▶ **Records to process**
====================
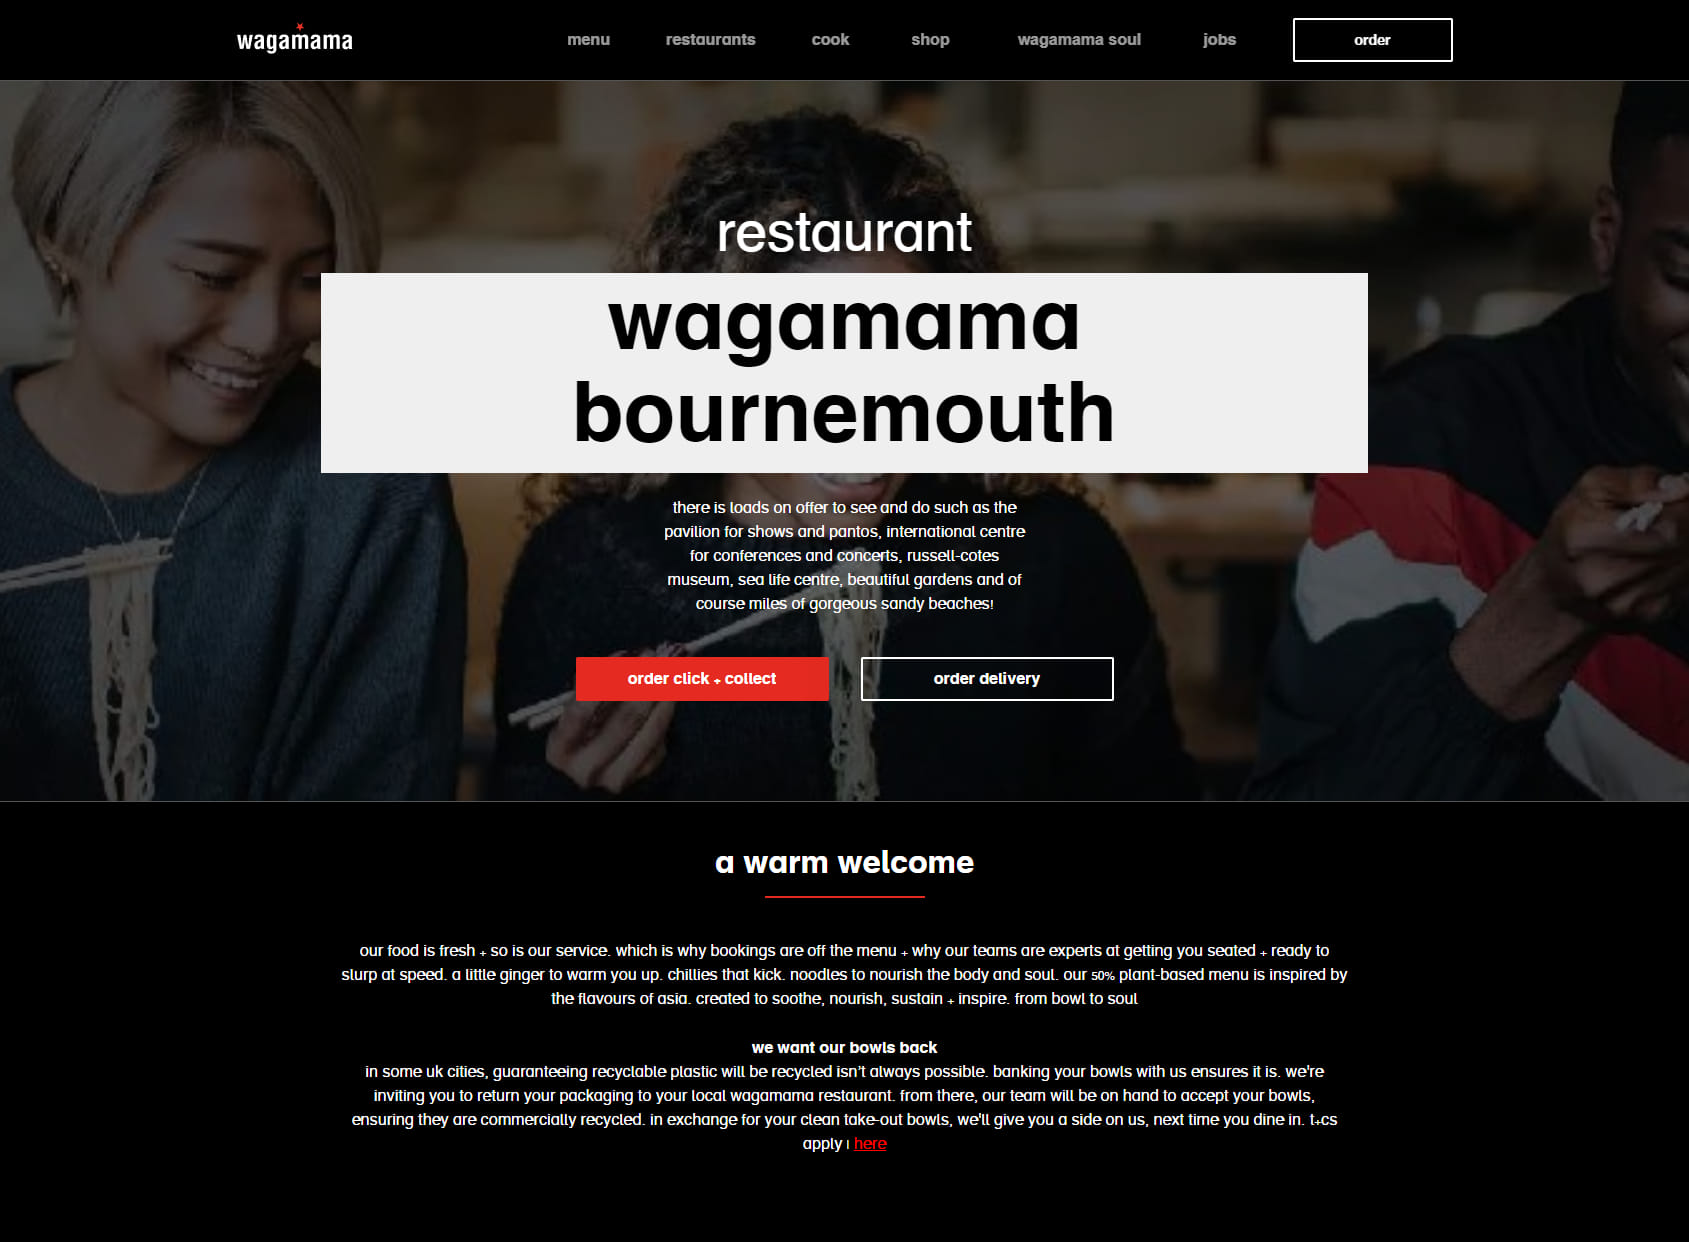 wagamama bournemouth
====================
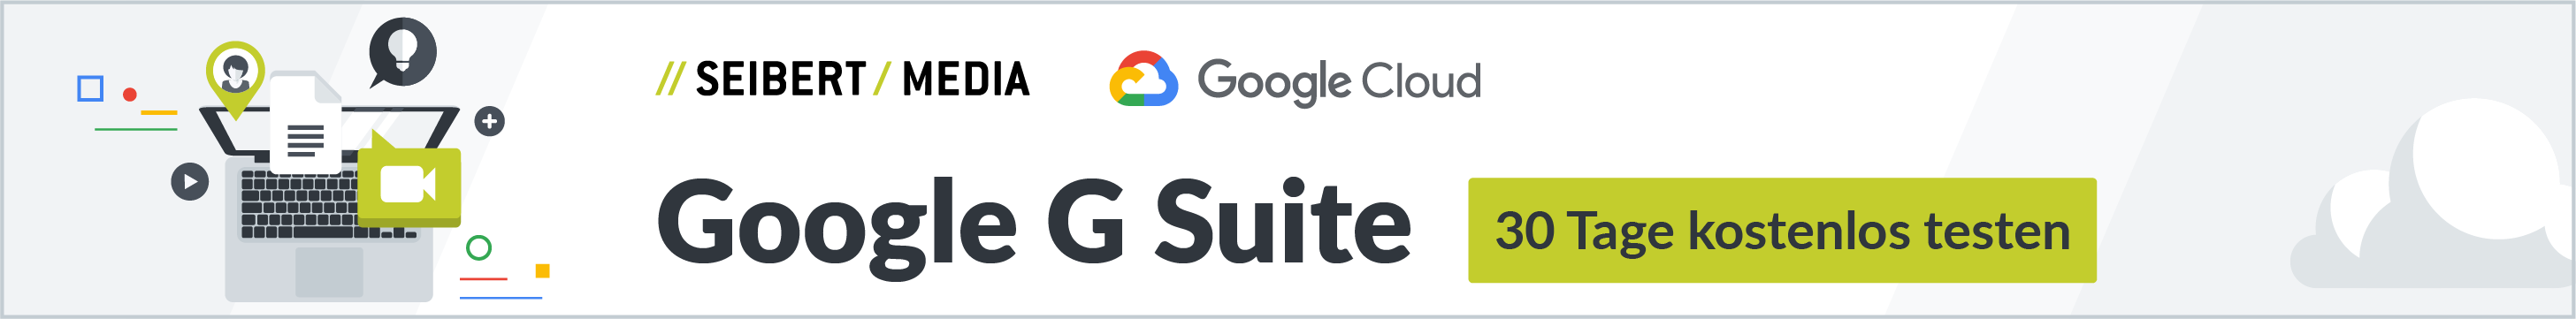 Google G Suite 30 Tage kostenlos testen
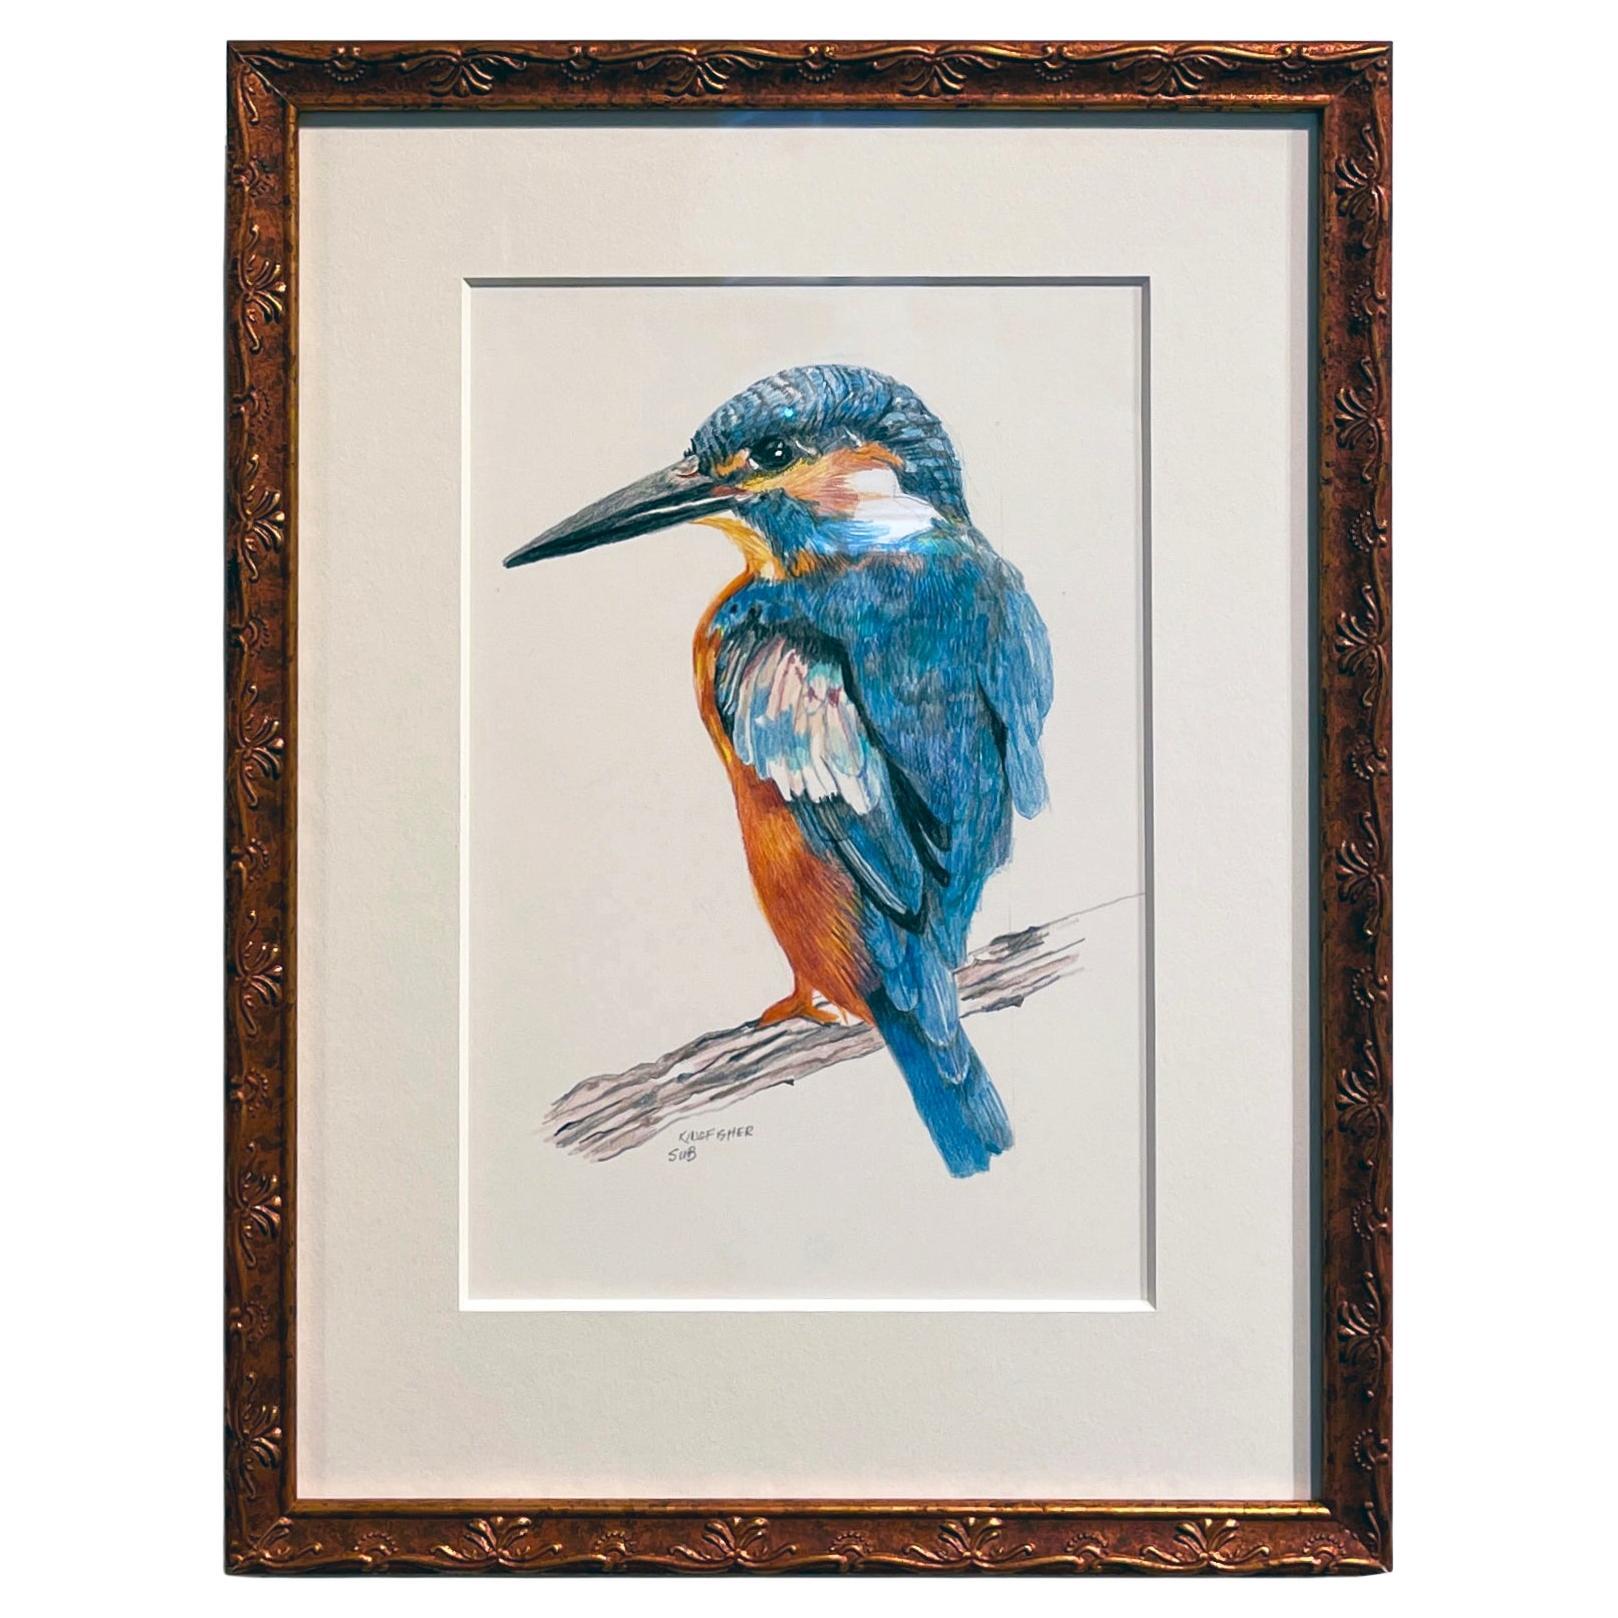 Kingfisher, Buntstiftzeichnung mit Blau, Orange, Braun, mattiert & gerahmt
====================
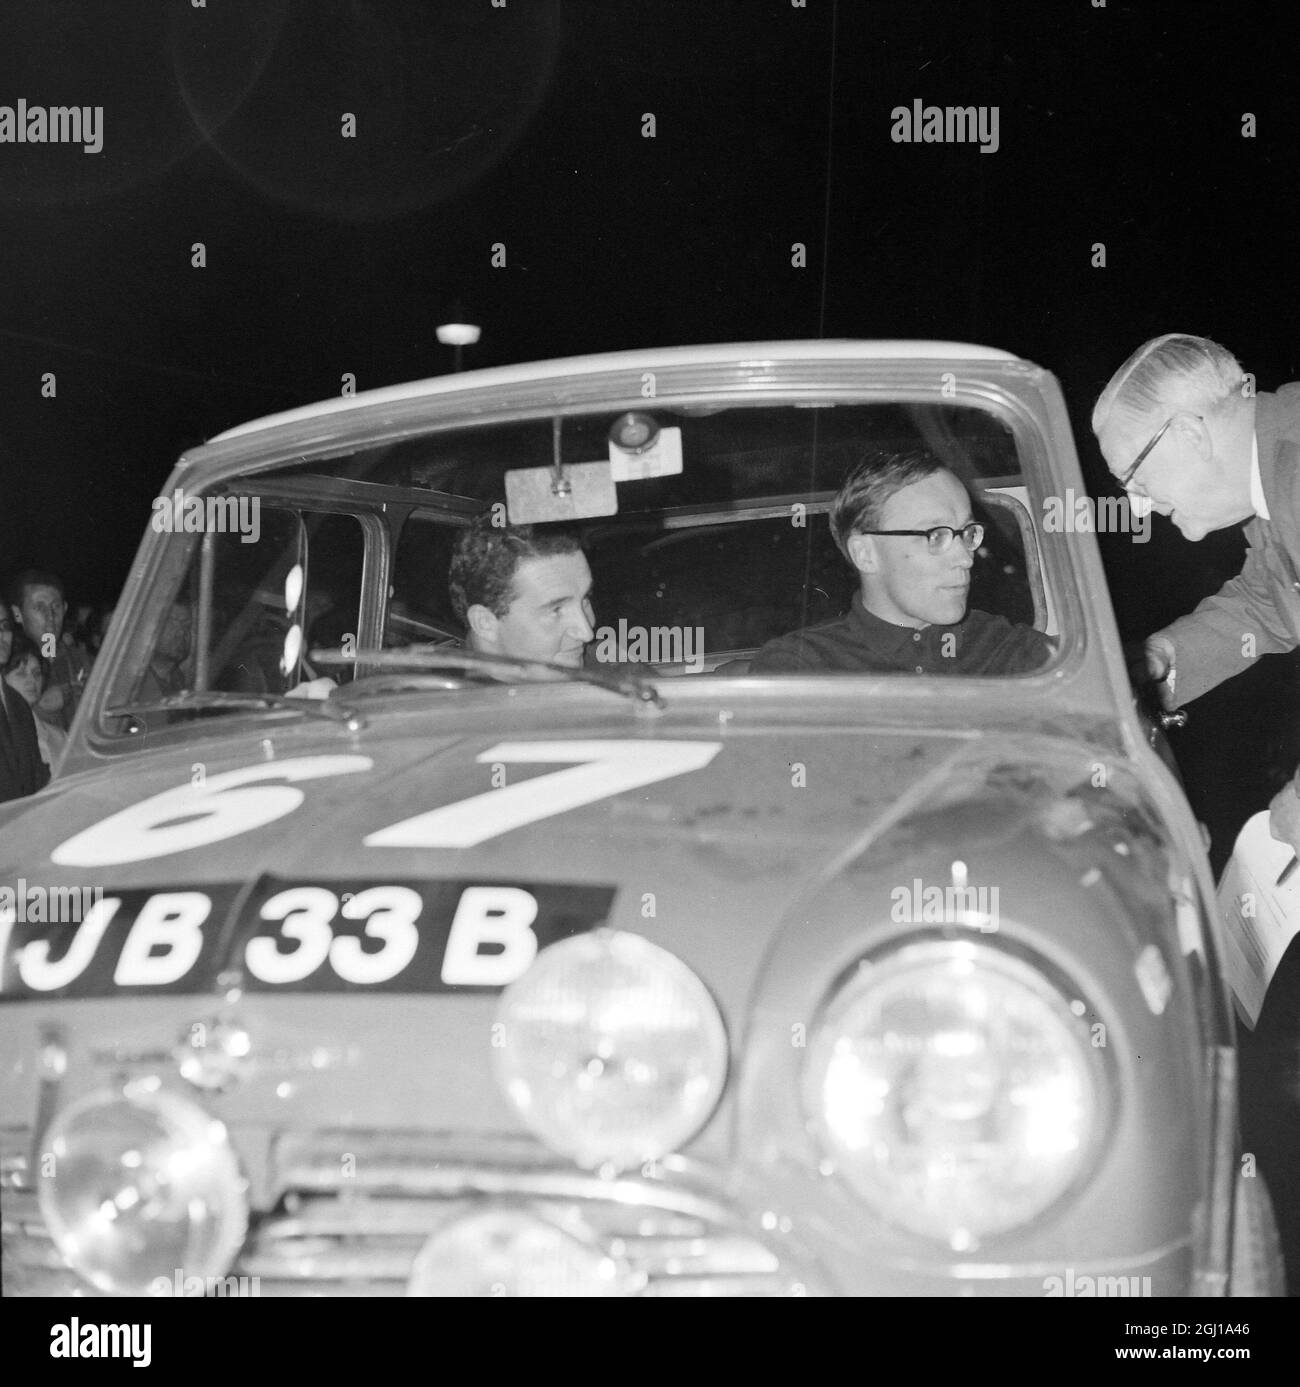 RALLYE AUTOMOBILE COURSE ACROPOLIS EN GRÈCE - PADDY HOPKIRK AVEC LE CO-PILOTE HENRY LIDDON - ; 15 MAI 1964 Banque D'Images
====================
▶ **Activity**
Each line between the one holding "Google G Suite 30 Tage kostenlos testen" and the one holding "Kingfisher, Buntstiftzeichnung mit", inclusive, should be copied exactly as it appears above, and pictures should be omitted.

▶ **Result below**
 Google G Suite 30 Tage kostenlos testen
 Kingfisher, Buntstiftzeichnung mit Blau, Orange, Braun, mattiert & gerahmt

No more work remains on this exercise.